I can't believe I neglected to take photos inside the shop! I recalled the thrill the first time I entered into a quilt shop and seeing hundreds and hundreds of bolts of fabric lining shelves from ceiling to floor in a rainbow of color. A fiber store is even more exciting the first time! Not only is there a rainbow of color, but such a grand variety of fiber ... both animal- and plant-based fiber. My head was spinning. (Pun intended.) And all the "toys" to go along with weaving and spinning.

I bought a couple bags of fiber, one of which is shown here. Locally raised alpaca, I get a kick out of the package label showing the actual animal the fleece came from!

Alpaca is incredibly soft and is not cheap. Since I am still a newbie spinner, I do not want to spend  a small fortune on fleece and fiber while still at the beginning of my learning curve. But this package was quite affordable and it was LARGE. There's enough fleece to spin plenty of yarn for a serious project. And I love the color. It can be dyed, although I've not yet learned about dying natural yarns. But the color is gorgeous on it's own and someday brown will really become the "new black."

Debbie was gracious enough to give me a discount on this fleece too, because of the debris that remained in the roving, even after was seems to have been plenty of washing and prepping. The feel of the fleece is soft and dry, hence proof it's been washed enough. I do not know enough about prepping fleece to know why bits of straw and other farm debris remains in the fleece, but there they are, and their presence brought of price of the fleece down to a "steal."



I found that it was easiest to pick the debris out during the actual spinning. The flecks of straw stand out from the fiber when getting a good twist going. Remember, I am a newbie, so this extra effort is not bothering me too much.

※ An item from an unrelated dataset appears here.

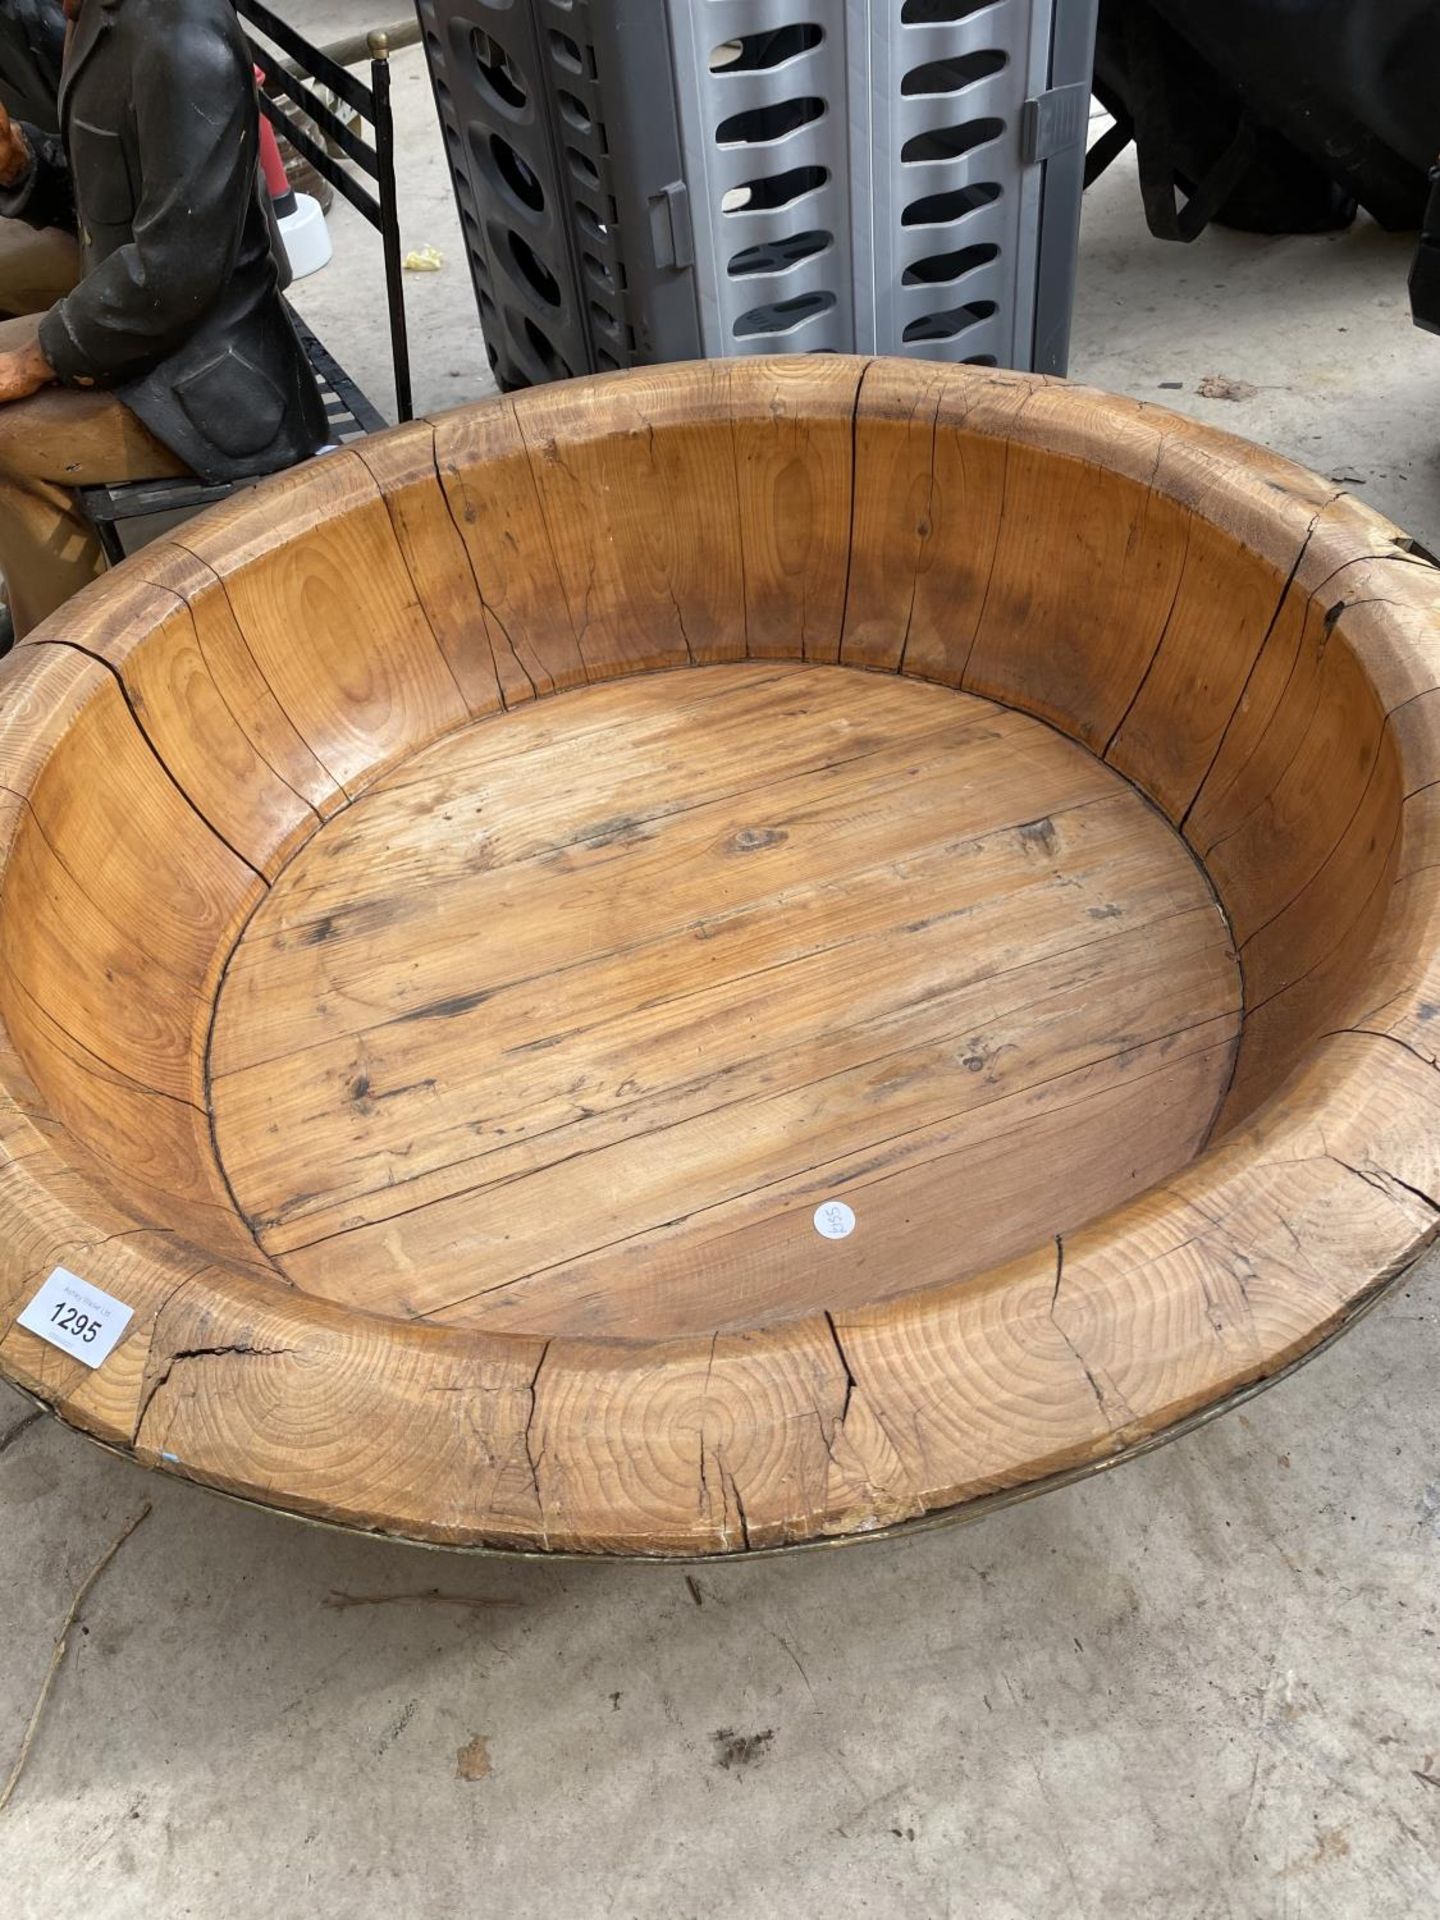 A LARGE WOODEN BOWL WITH METAL BANDING - Image 4 of 5
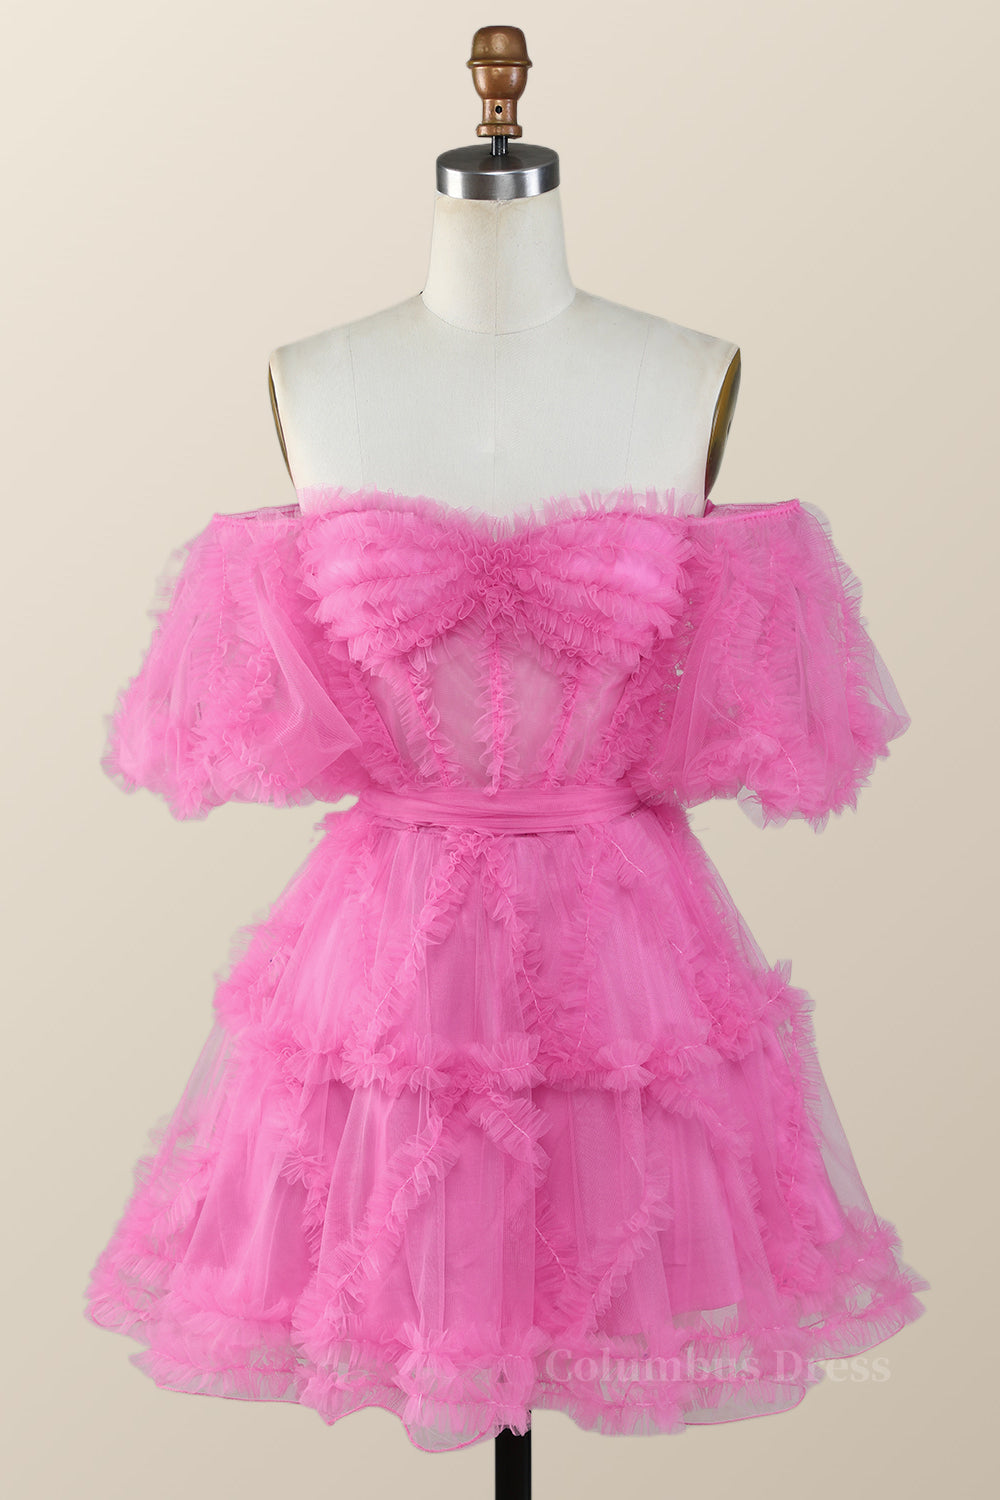 Off the Shoulder Hot Pink Ruffles Short A-line Corset Homecoming Dress outfit, Party Dress In Store

Actually, it's giving me some lessons about the properties of alpaca fleece! (And yeah, lemonade is one of my all-time favorite drinks.)



This fleece is so easy to work with ... so soft, and the pre-drafting done by the folks of Misti Mountain Treasures sure has helped me keep my spun yarn somewhat consistent. To think this is only my thread attempt at spinning yarn! Not bad, don't you think?






I couldn't help myself! I've seen this sticker around on various items ... most of them souvenirs.
A parting shot of the signage for Willows & Wool. I was grateful for the sign because it made finding the store a lot easier to find from the road. The store is actually one of the outbuildings on the owner's spread. Debbie does not have far to commute!!

So if you are a spinner or a weaver (whether weaving fabric on looms or baskets from willow) do take the effort to visit Debbie and her store. She is a most gracious hostess and so are her two Boston Terriers who will greet you with a wiggle and a smile.